> [Raw data]:
▼
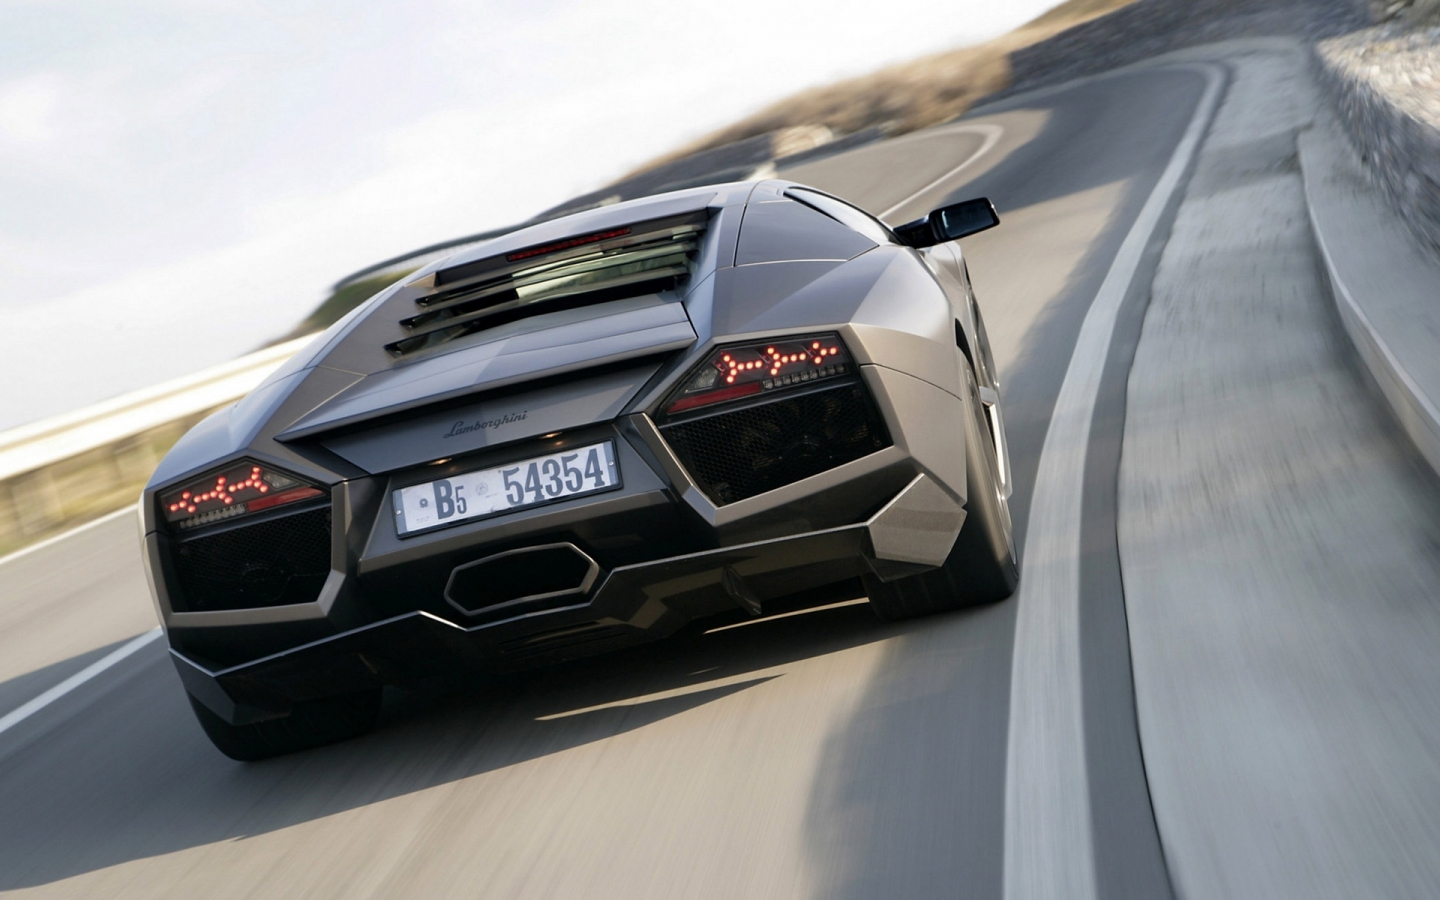 Lamborghini Reventon Back for 1440 x 900 widescreen resolution
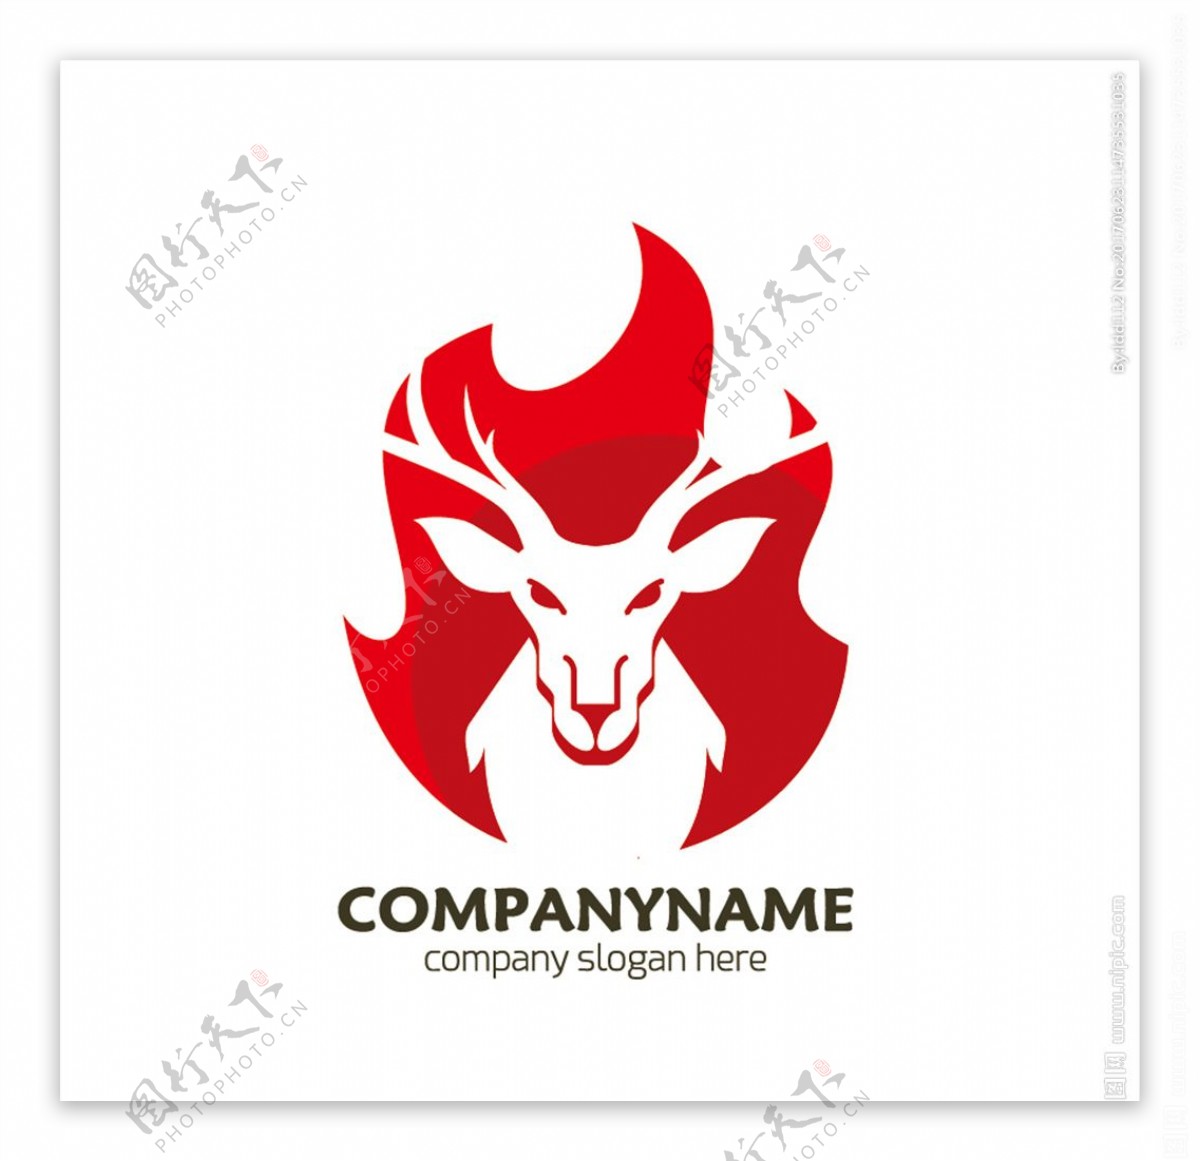 红色抽象羚羊logo矢量素材
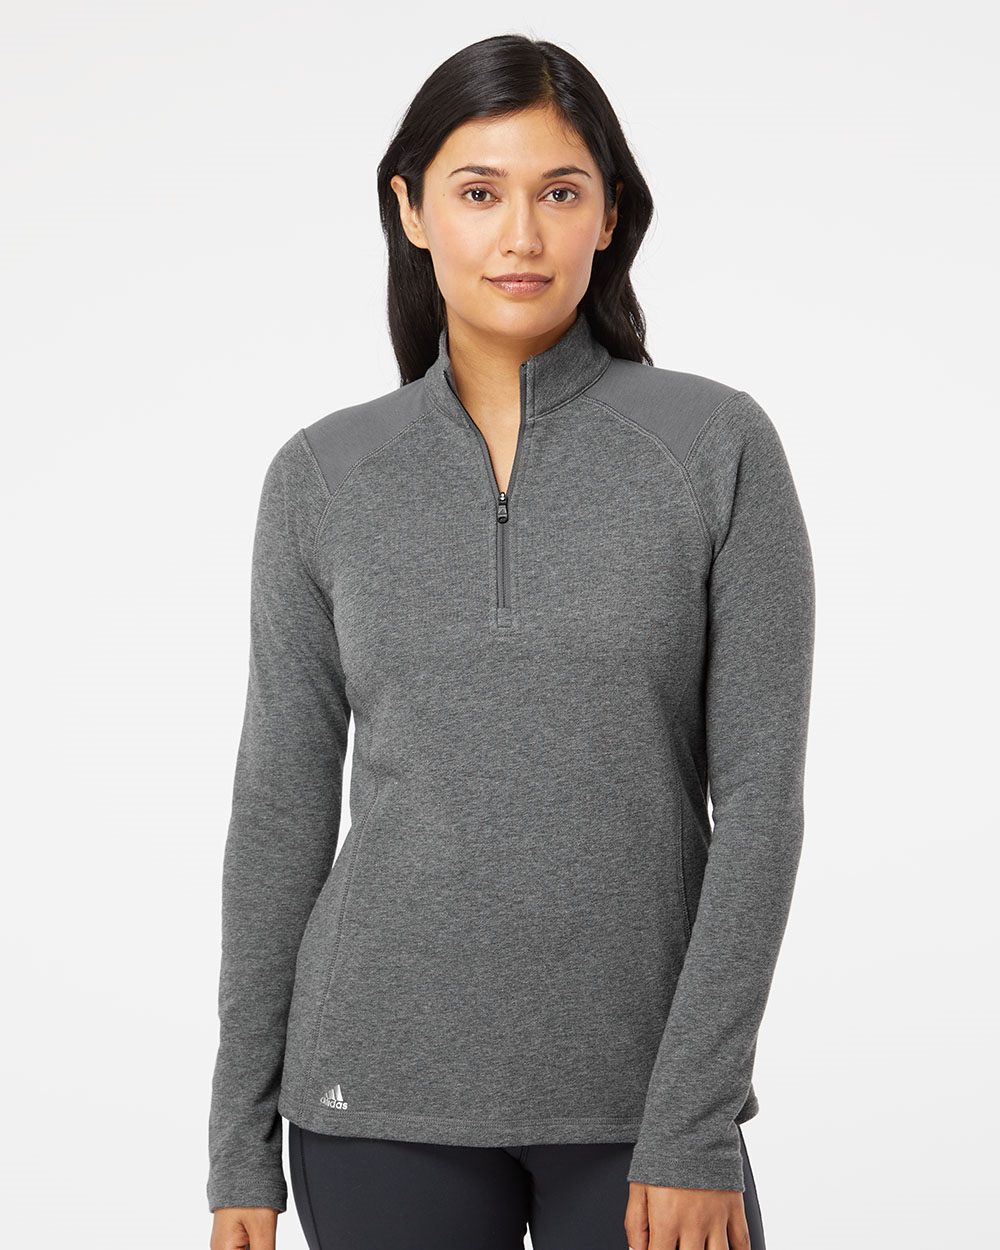 rekken schudden Extractie Adidas A464 - Women's Heathered Quarter-Zip Pullover with Colorblocked  Shoulders
▲
> [Exercise]:
Only the lines from the one containing "红色抽象羚羊logo矢量素材" through the end of the listing above should be reproduced, exactly as they stand. Leave the pictures out.

> [Written solution]:
 红色抽象羚羊logo矢量素材
 rekken schudden Extractie Adidas A464 - Women's Heathered Quarter-Zip Pullover with Colorblocked  Shoulders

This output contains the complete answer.